You stumble backwards, running out the door as the castle collapses behind you. You’re running as fast as you can, tearing down the hallway but still staying only just ahead of the destruction. You leap outside, barely escaping as the castle collapses into rubble behind you. Looking up, you see the storm clouds, lightning crackling between them, thunder shaking the very ground beneath you. The clouds seem to form letters that read “YOU THOUGHT YOU COULD LIE TO THE AUTHOR ABOUT THE CONTENTS OF HIS OWN BOOK? SERIOUSLY??”
As you stumble to your feet, the earth cracks open beneath you, and you’re left straddling it with one leg on either side as it
splits open wider and wider.
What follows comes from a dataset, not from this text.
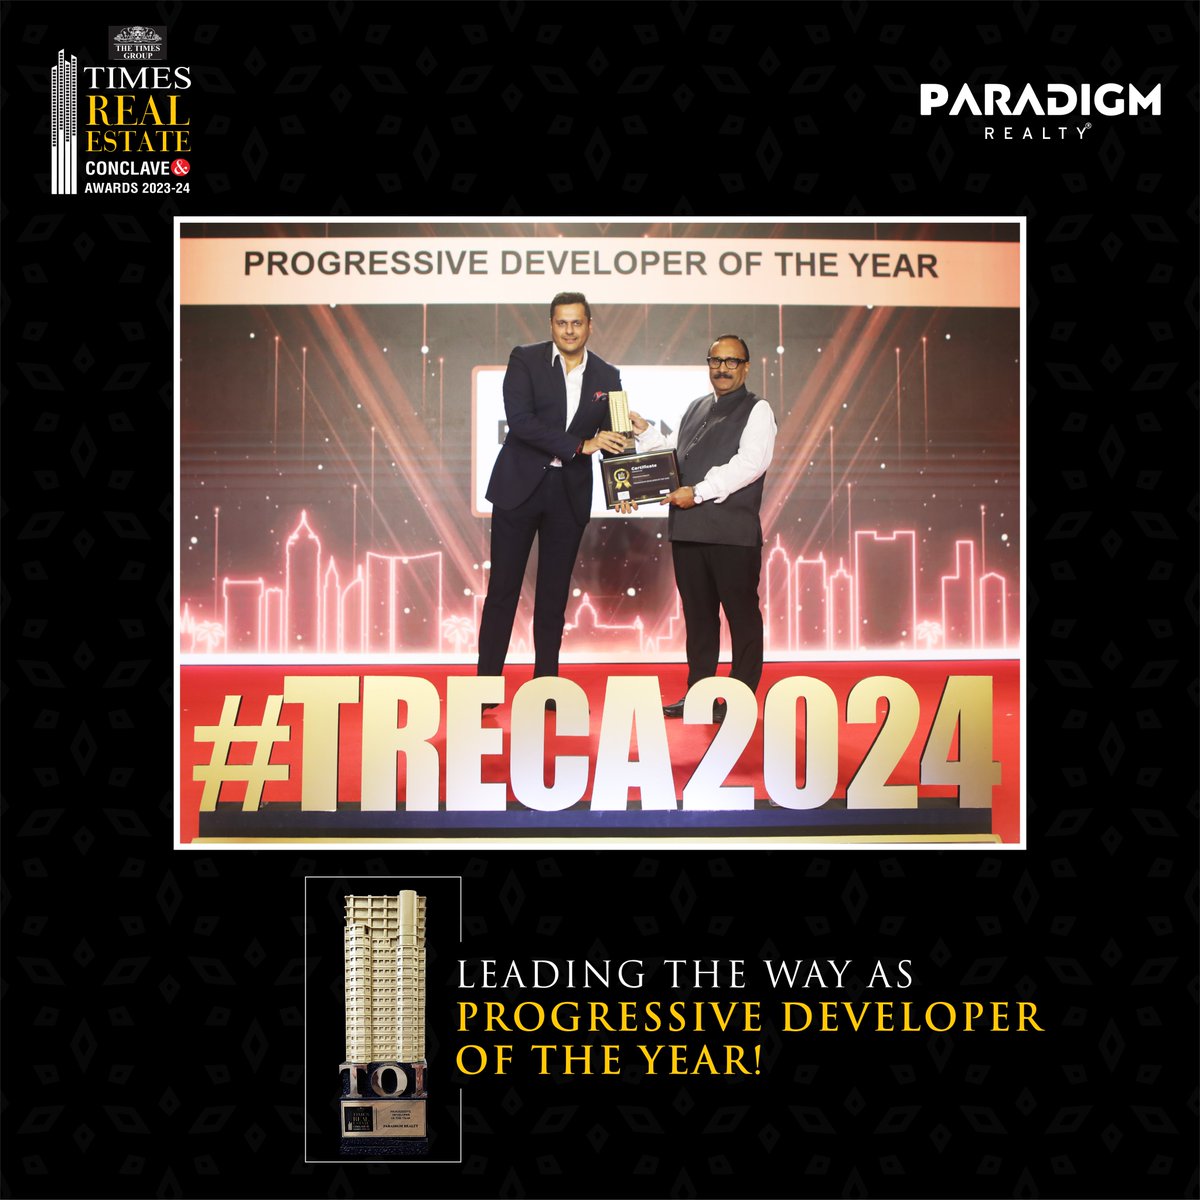 Thrilled to announce that Paradigm Realty has been honored as the Progressive Developer Of The Year by Hon. Minister of Housing, Maharashtra - Shri. Atul Save Ji at Times Real Estate Conclave & Awards-2024

#ParadigmRealty #ProgressiveDeveloper #RealEstate #TimesAwards #Conclave

Looking down, you see magma and liquid metals rush towards the surface. This gash leads all the way to the earth’s core, and the toxic gases rushing past you as they blast towards the sky burn your skin and make you choke. The planet is tearing itself apart, and moments later, it explodes, killing not just all life on Earth but all life that would’ve lived there in the future, if only you’d told the truth.
The human race is extinguished. You have scored -1 out of a possible 1000 points and died.
Also, you lied to a book.
THE END
* * *
» Restart? «
* * *
You whistle and sit yourself down on the floor in the middle of the room. That seems a little awkward, so you stretch out on your side, your arm supporting your head and your other arm resting on your hips. There! Nobody could be more casual than you!